Особенно нравились ему “Времена года” Джеймса Томсона [35], цикл поэм, исполненных искренней любви к природе, но, увы, не выдержавший испытания тем, что Тёрнер назвал бы “косой времени”. Любопытно в любом случае, что избранный им образец для подражания, его главная литературная модель принадлежит жанру пейзажной лирики восемнадцатого века. То есть в живописи он рвался вперед, а в поэзии оглядывался назад. И все-таки стихи художника не вполне лишены достоинств:

подзарядясь
Гневливым паром от секретных лежбищ,
Где спят веками руды и сырье,
Отколь азот, мышьяк и тлеющая пена
От сальной нефти, рвущейся на свет,
Изодранным в клоки покровом дыма
Марает небо.

Ему нравилось живописать битвы и катаклизмы, хаос и беспорядок. Эпическая поэма, которую он надеялся завершить, “Заблуждения Надежды”, также позволяет заглянуть во внутреннюю жизнь Тёрнера; само заглавие говорит об одиночестве и тревоге, и даже не без примеси отчаяния. Есть огромная разница, однако, между его поэзией и его живописью. Когда он писал пером, он думал; когда он писал кистью, думать нужды не было, или, верней, задействован был иной способ мышления – естественный, как дыхание самого его существа. Некоторые критики в оценке его литературного дарования были жестоки и нелицеприятны, однако нашелся друг, который смотрел на вещи благожелательней. “Мысли Тёрнера, – писал он, – были глубже тех, в которые способен проникнуть человек заурядный, и к тому ж значительно глубже, чем он сам способен был выразить”. Подобно тому как овеяны глубокой тайной его полотна, есть покров тайны – мы могли бы назвать ее смятением – и на его текстах.

Глава шестая 1811-1813

В 1811 году он энергично занимался продажей своих гравюр, “Liber Studiorum”, в собственной галерее. Рассорился с гравером, который их печатал, Чарльзом Тёрнером, и с типической для него экспансивностью решился печатать сам. Но потом летом вздумал расширить круг своей деятельности, а именно отправиться на запад Англии, написать там серию акварелей, перевести их в гравюры и издать книгу под названием “Живописные виды южного берега Англии”. Ему требовалось это состояние постоянной занятости, словно в непрестанной активности он находил разрядку и облегчение. К путешествию подготовился, как всегда, с присущей ему методичностью, вплоть до того, что переписал номера и даты выпуска тех банкнот, что взял с собой в путь. А по пути делал перечень всех мест, которые посетил, в том числе самых красивых уголков Дорсета, Девона, Корнуолла и Сомерсета. Путешествие охватило замки Корф-Касл и Лалворт, городок Лайм-Реджис и местечко Лэндс-Энд (“край земли” на юго-западе Англии), замок Тинтагель и залив Кловелли.

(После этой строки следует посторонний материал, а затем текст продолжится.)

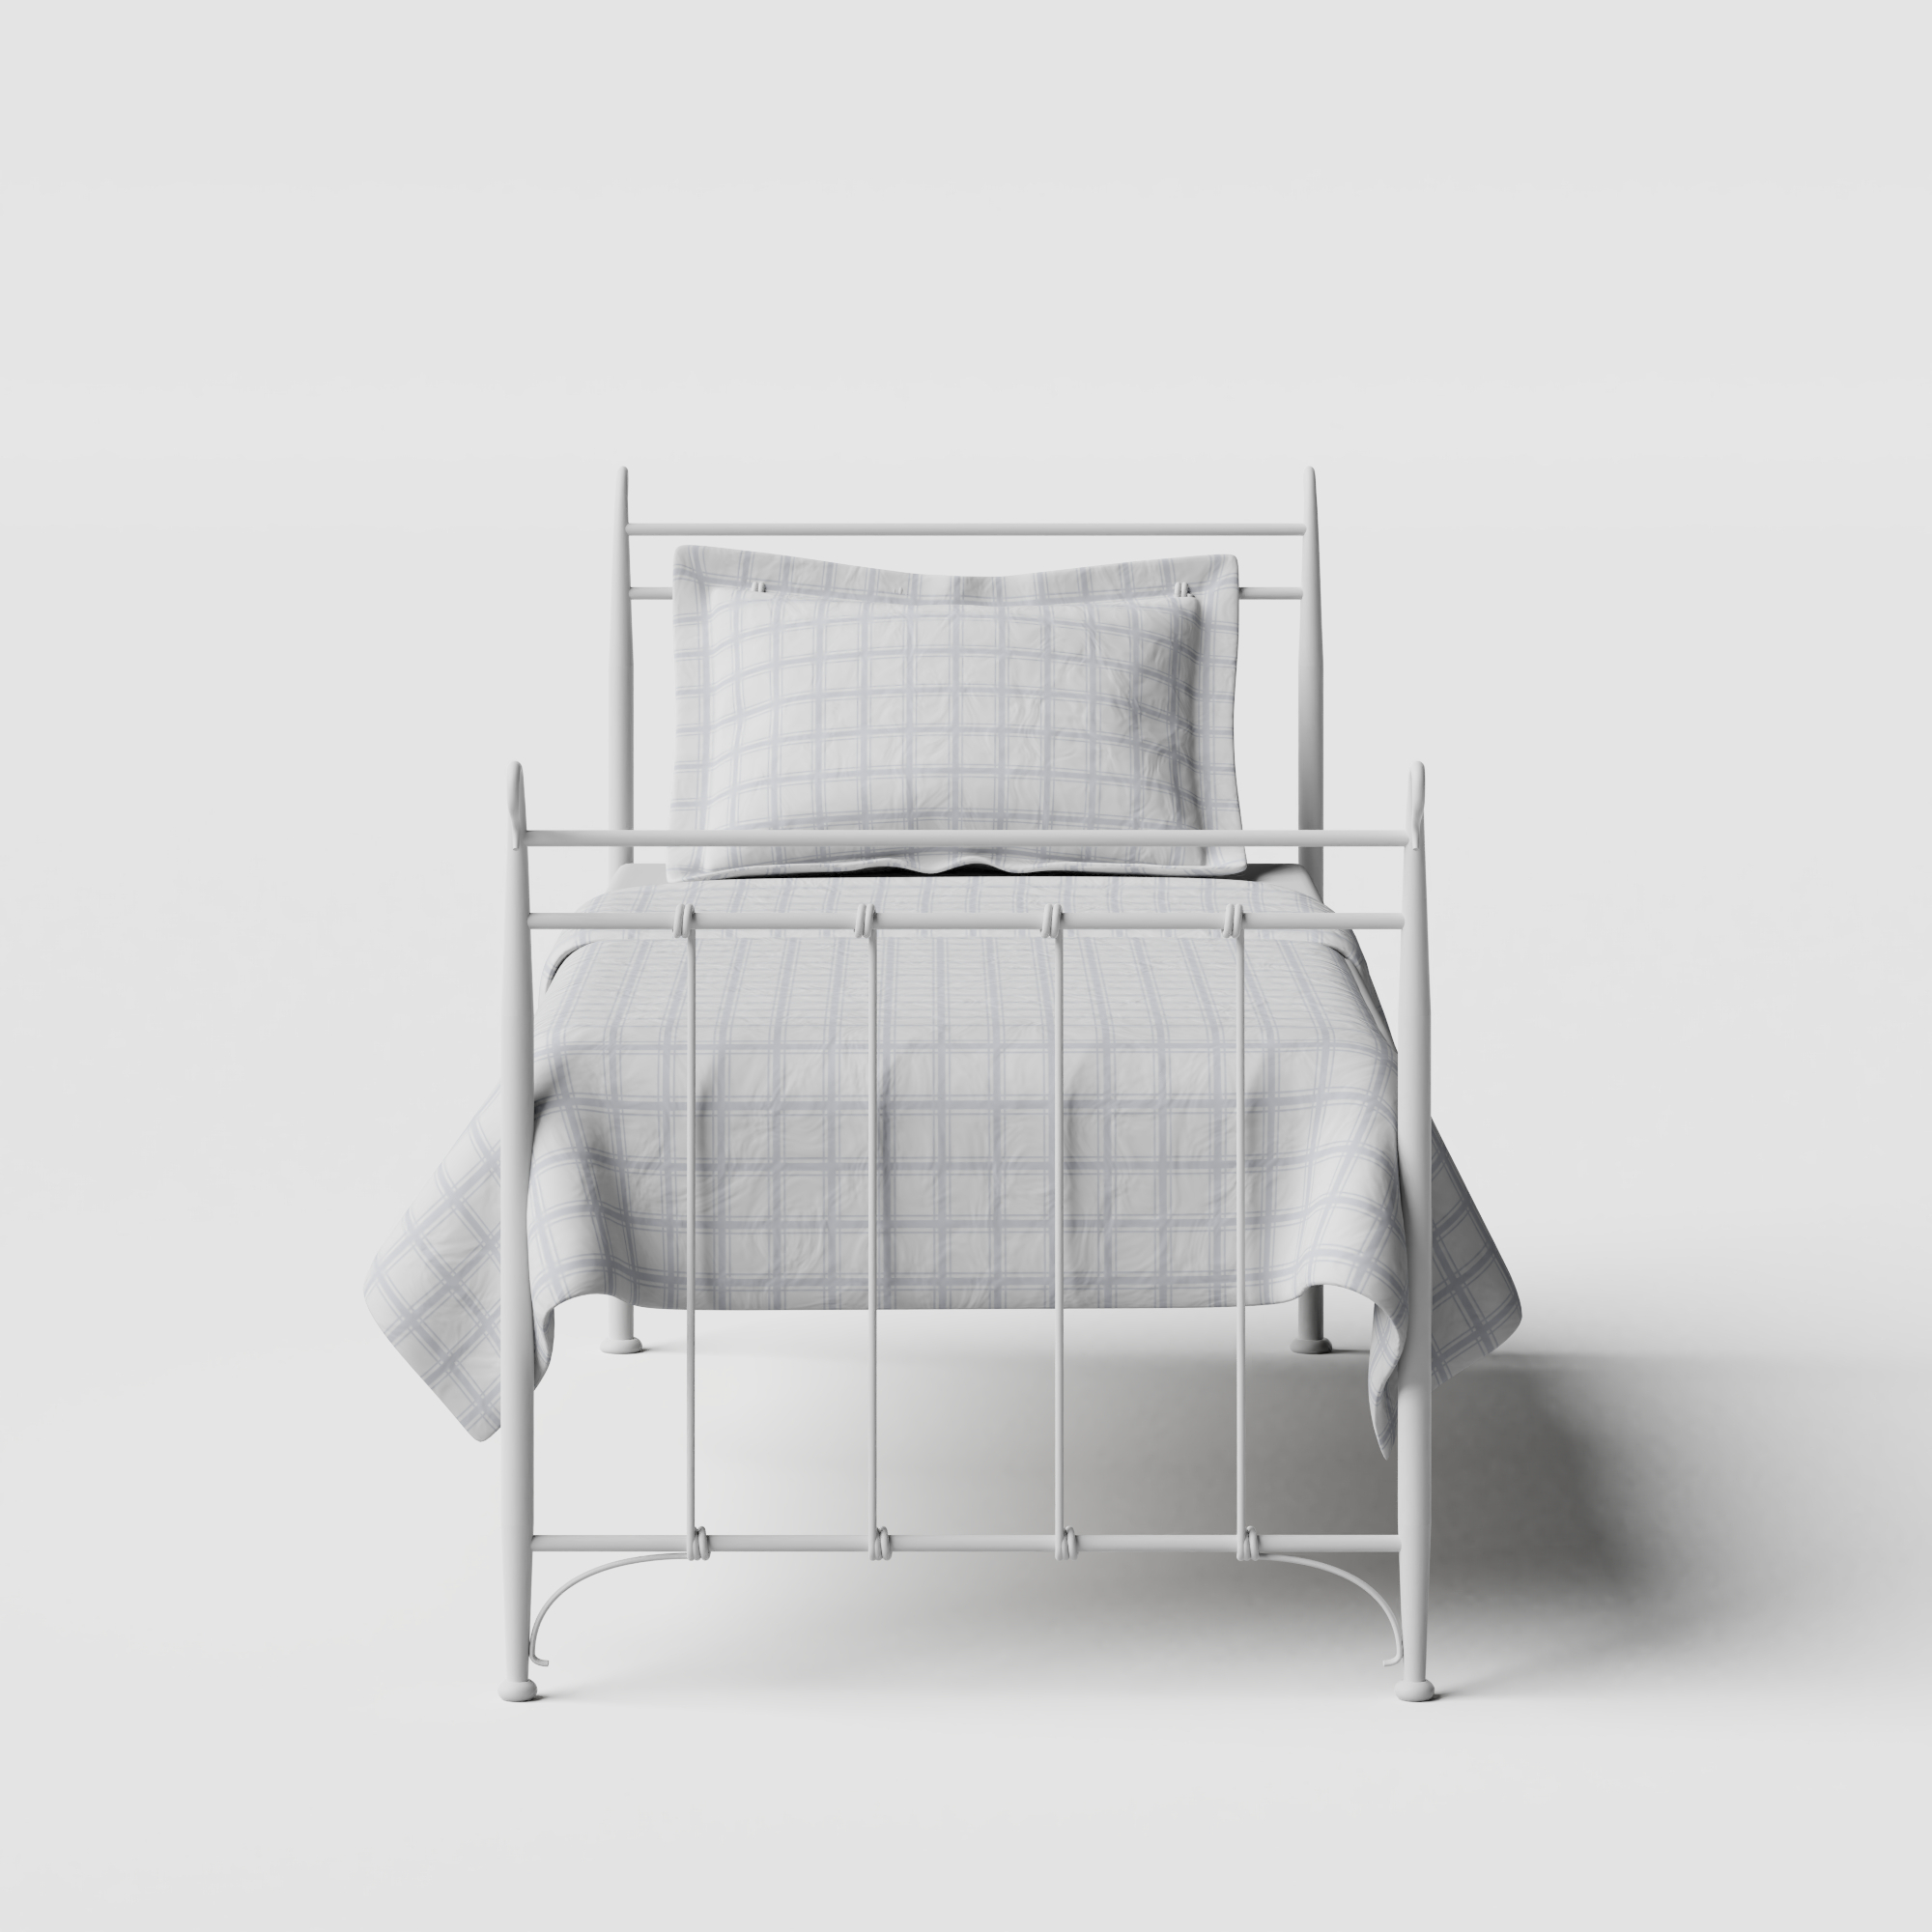 Tiffany cama individual de metal en blanco

Оказавшись в окрестностях городка Барн-стейпл, он воспользовался случаем познакомиться со своей родней по отцу. Они, художник и западные Тёрнеры, наверное, поглядывали друг на друга, мало что имея сказать. Однако он, похоже, почувствовал некую родственную к ним близость, поскольку не раз впоследствии возвращался в Девон и даже однажды заметил другу: “Я, знаешь ли, девонский, из Барнстейпла”. Конечно, он родился не там, да и замечание его попросту могло быть неверно понято. Но кровные узы – великое дело. В Девоне, в котором, метафорически говоря, самое гулкое эхо в Англии, он мог, прислушавшись, услышать голоса предков, ощутить свою к ним причастность. Все путешествие длилось около двух месяцев, с результатом в две сотни карандашных набросков.

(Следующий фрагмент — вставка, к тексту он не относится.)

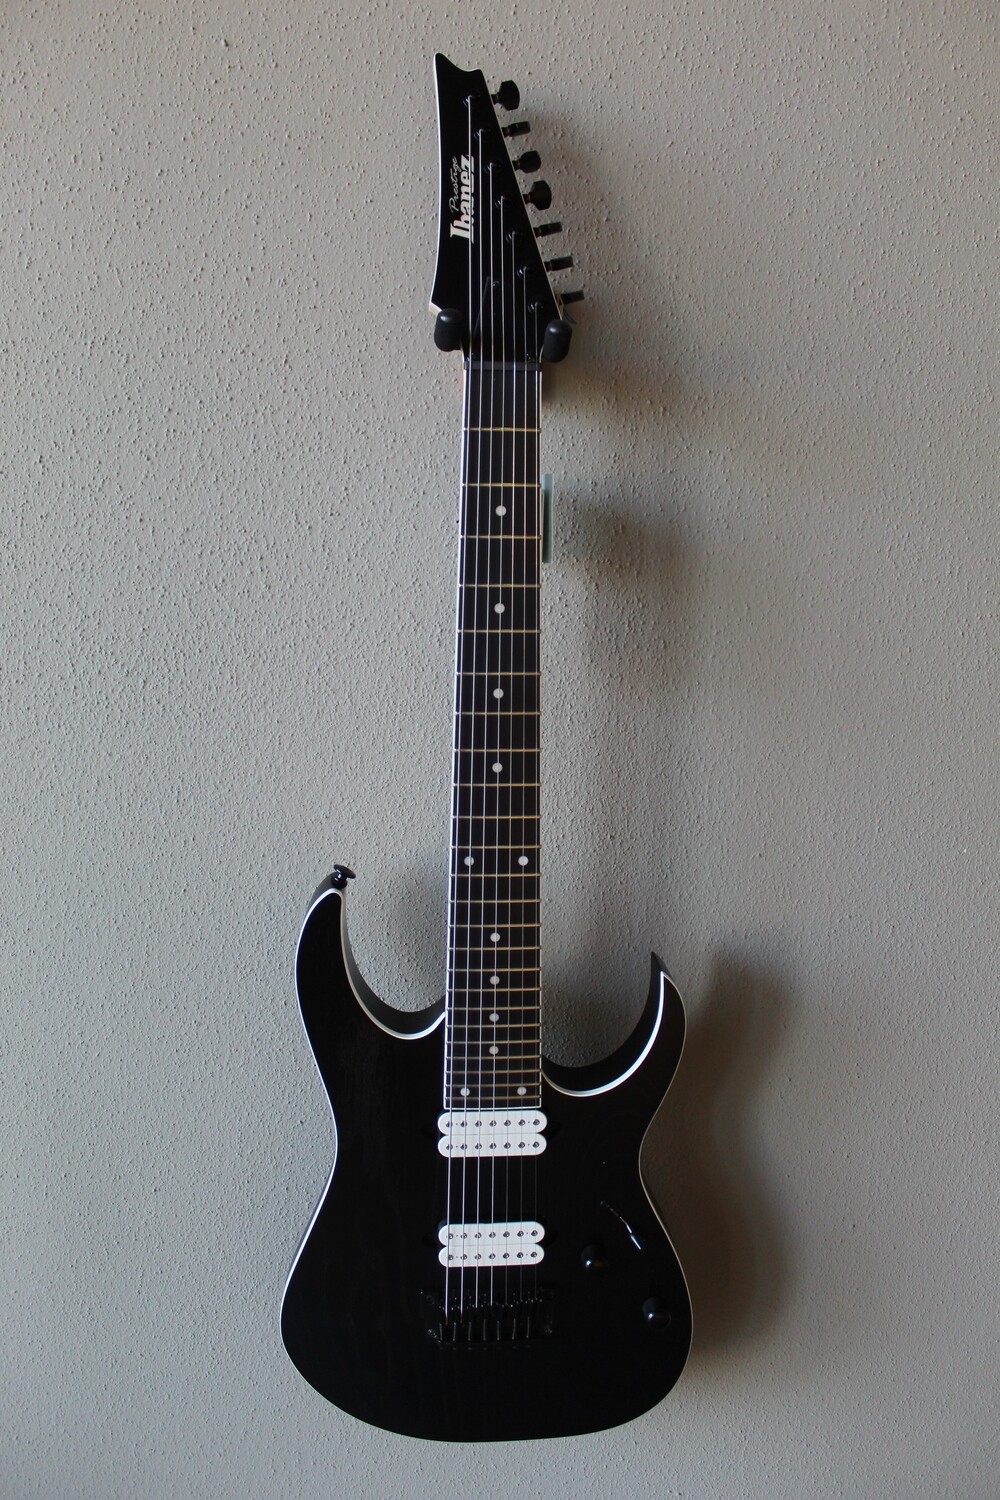 Ibanez Prestige RGR752AHBF 7 String Electric Guitar - Weathered Black - Japan

Так много времени он провел в западных графствах потому, что разлюбил Хаммерсмит. Водопроводная компания Миддлсекса воздвигла позади его дома трубу в сто двадцать футов высотой, так что шум работ и общая суета были нестерпимы. Конечно, Тёрнера завораживала трудовая, промышленная жизнь реки, но кому понравится, когда эта жизнь бушует у самой твоей двери. Вот он и затеял построить себе дом в местечке поспокойней, выше по течению Темзы, в Туикнеме. Кто знает, может, предвидел свой переезд туда еще в 1808 году, когда показал публике свой пейзаж “Вилла Поупа в Туикнеме” – виллу снесли за год до того, и Тёрнер таким образом косвенно выразил по этому поводу сожаление. Так что для него Туикнем был освящен тенью поэта.

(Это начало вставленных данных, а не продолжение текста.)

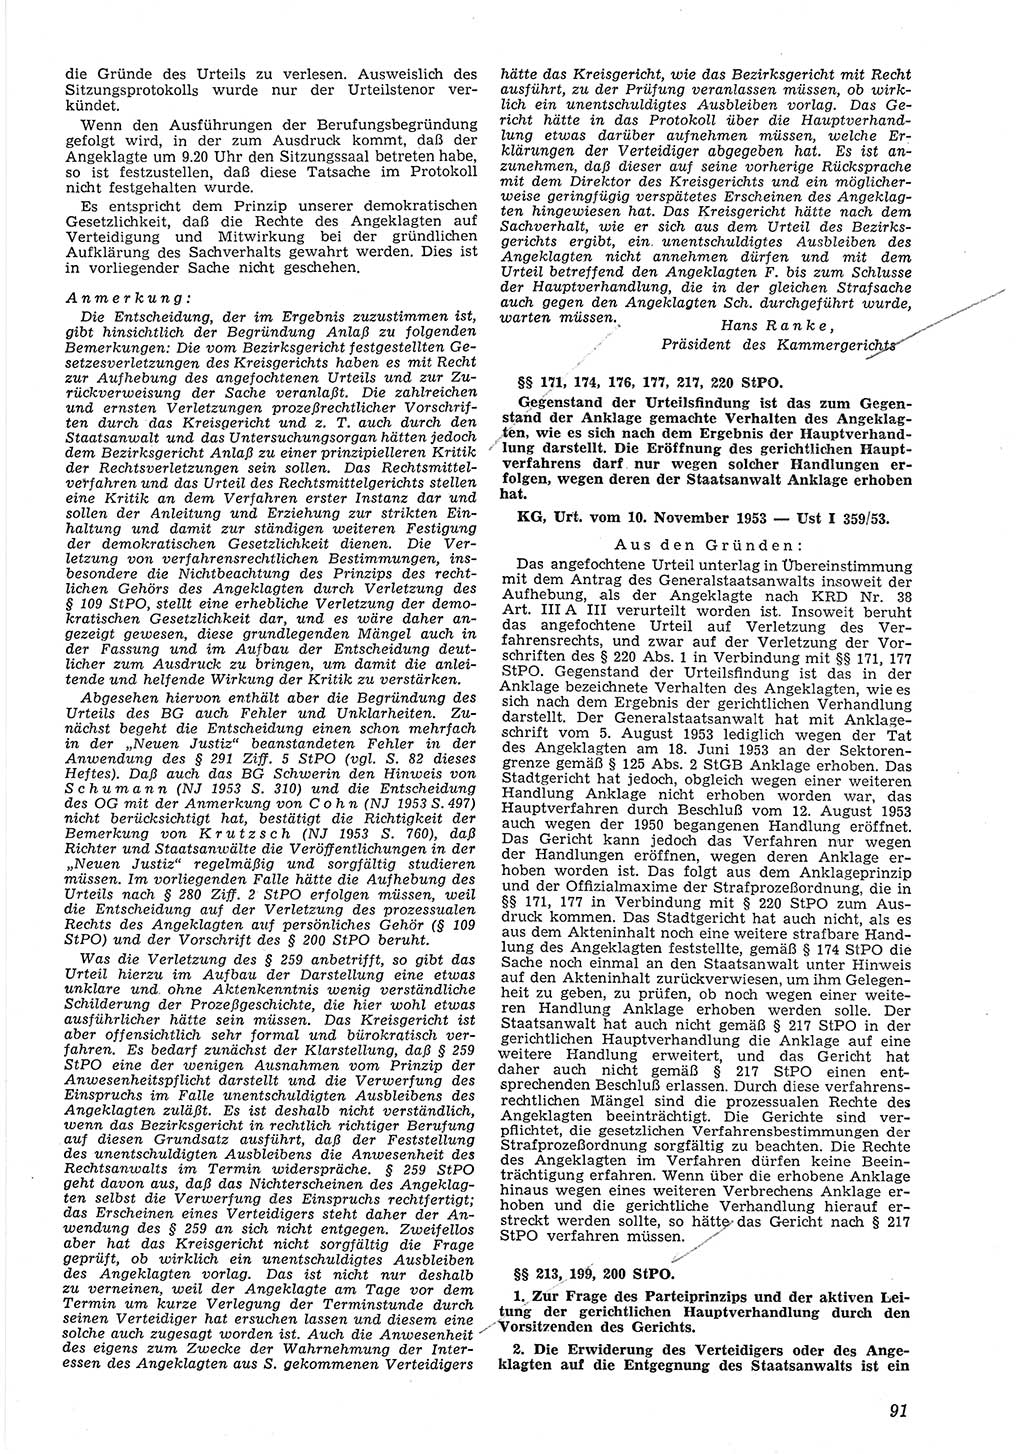 Neue Justiz (NJ), Zeitschrift für Recht und Rechtswissenschaft [Deutsche Demokratische Republik (DDR)], 8. Jahrgang 1954, Seite 91 (NJ DDR 1954, S. 91)

Землю там он приобрел еще четыре года назад, но только теперь взялся чертить планы и набрасывать эскизы для своего нового дома. Сказывалась юношеская выучка тех лет, когда работал на знаменитого архитектора, так что схем и планов получилось в изобилии: там и рисунки комнат, и такие детали, как карнизы и каминные доски. Говорил же он когда-то, что хотел бы стать архитектором, вот, пожалуйста, чем не случай. Не счел за труд самолично нанимать строителей и рабочих, пометив, сколько потратил на благоустройство участка: “100 – растения. 20 – сад. 40 – пруд”.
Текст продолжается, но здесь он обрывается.